Maintenance, licence et coût de mise à jour
Le projet est distribué sous Apache-2.0, une licence permissive qui autorise l'usage commercial et la modification, avec les obligations habituelles de conservation des mentions et de l'avis de licence, et une clause de brevets. Je ne donne pas de conseil juridique : faites relire le texte de la licence et le fichier NOTICE du dépôt par qui de droit avant une mise en production. Sur la maintenance, le README indique que le projet est maintenu par un groupe de volontaires issus de plusieurs organisations, et que les personnes intéressées pour devenir mainteneur peuvent écrire à support@ag2.ai. C'est une information à intégrer dans votre évaluation : un projet porté par des bénévoles peut avancer vite, comme le montrent les trois versions rapprochées, mais la continuité ne repose pas sur un engagement contractuel. Le coût de mise à jour se concentre à deux endroits. D'abord la séparation des paquets : une équipe qui veut passer de Classic à la v1.0 doit traiter la migration Network, pas seulement changer une ligne d'import. Ensuite les extras : chaque fournisseur de modèle est un extra distinct, donc ajouter un fournisseur, c'est modifier la ligne d'installation et la configuration associée.
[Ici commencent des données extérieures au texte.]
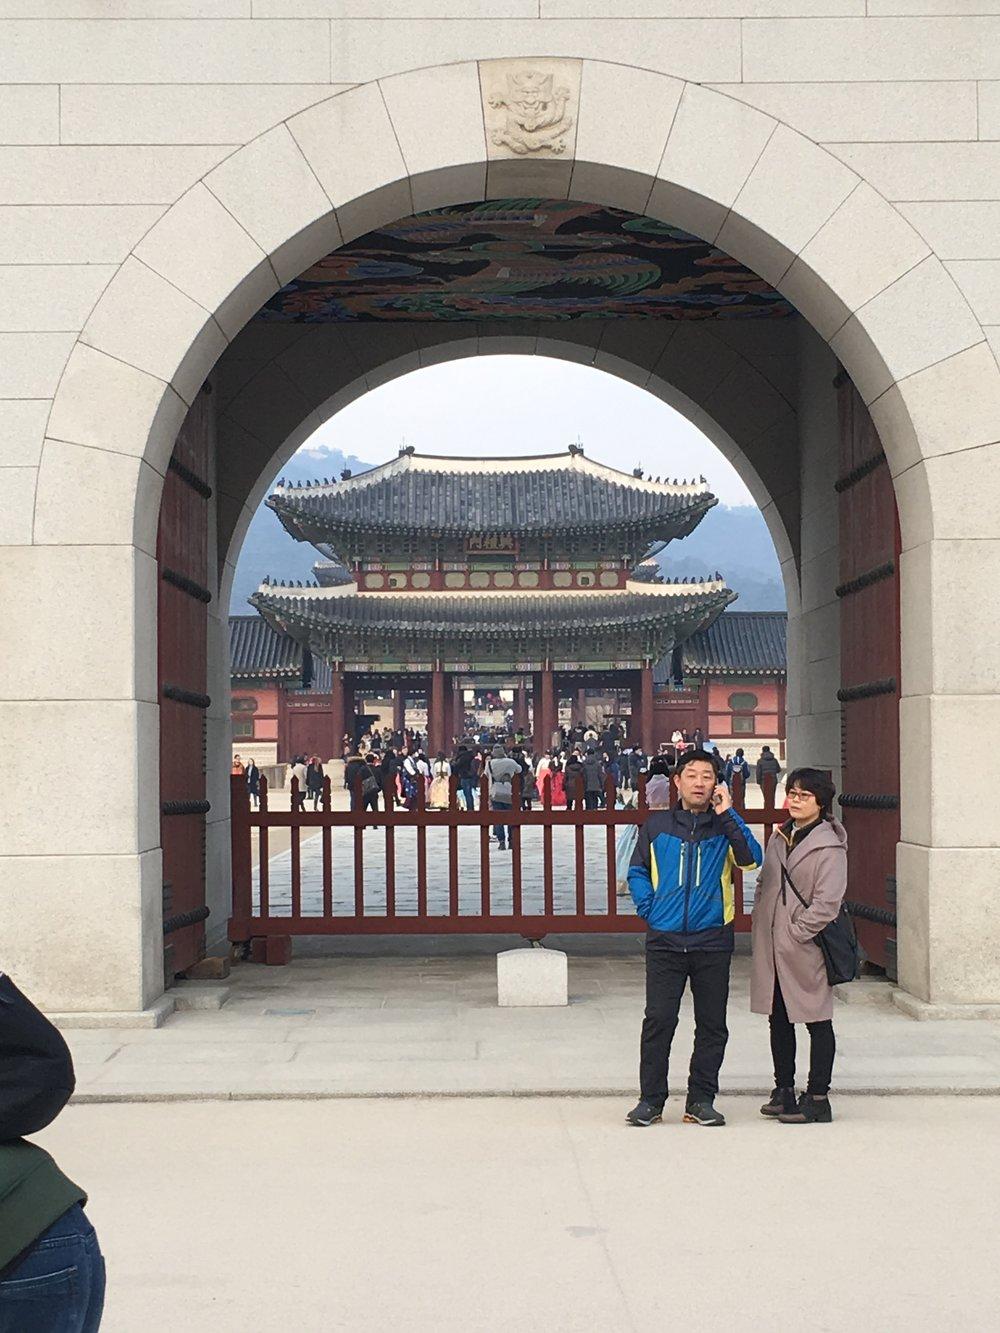 Gyeongbokdung Palace

Le dépôt n'étant pas archivé et la dernière poussée datant du 8 septembre 2026, l'activité est récente au moment où ces lignes sont écrites.
Conclusion éditoriale
AG2 v1.0 s'adresse aux équipes qui démarrent un projet multi-agents en Python 3.10 ou plus récent et acceptent de concevoir autour du modèle Agent et du Network. Restez sur ag2-classic si votre code importe autogen, ConversableAgent ou GroupChat : la v1.0 n'est pas une mise à niveau transparente. Avant d'adopter, vérifiez trois points précis : que votre version de Python est bien 3.10 minimum, que l'extra installé correspond à votre fournisseur (ag2[openai], ag2[anthropic], ag2[gemini], ag2[ollama]) et que la variable d'environnement attendue par ce fournisseur est bien exportée dans votre environnement d'exécution.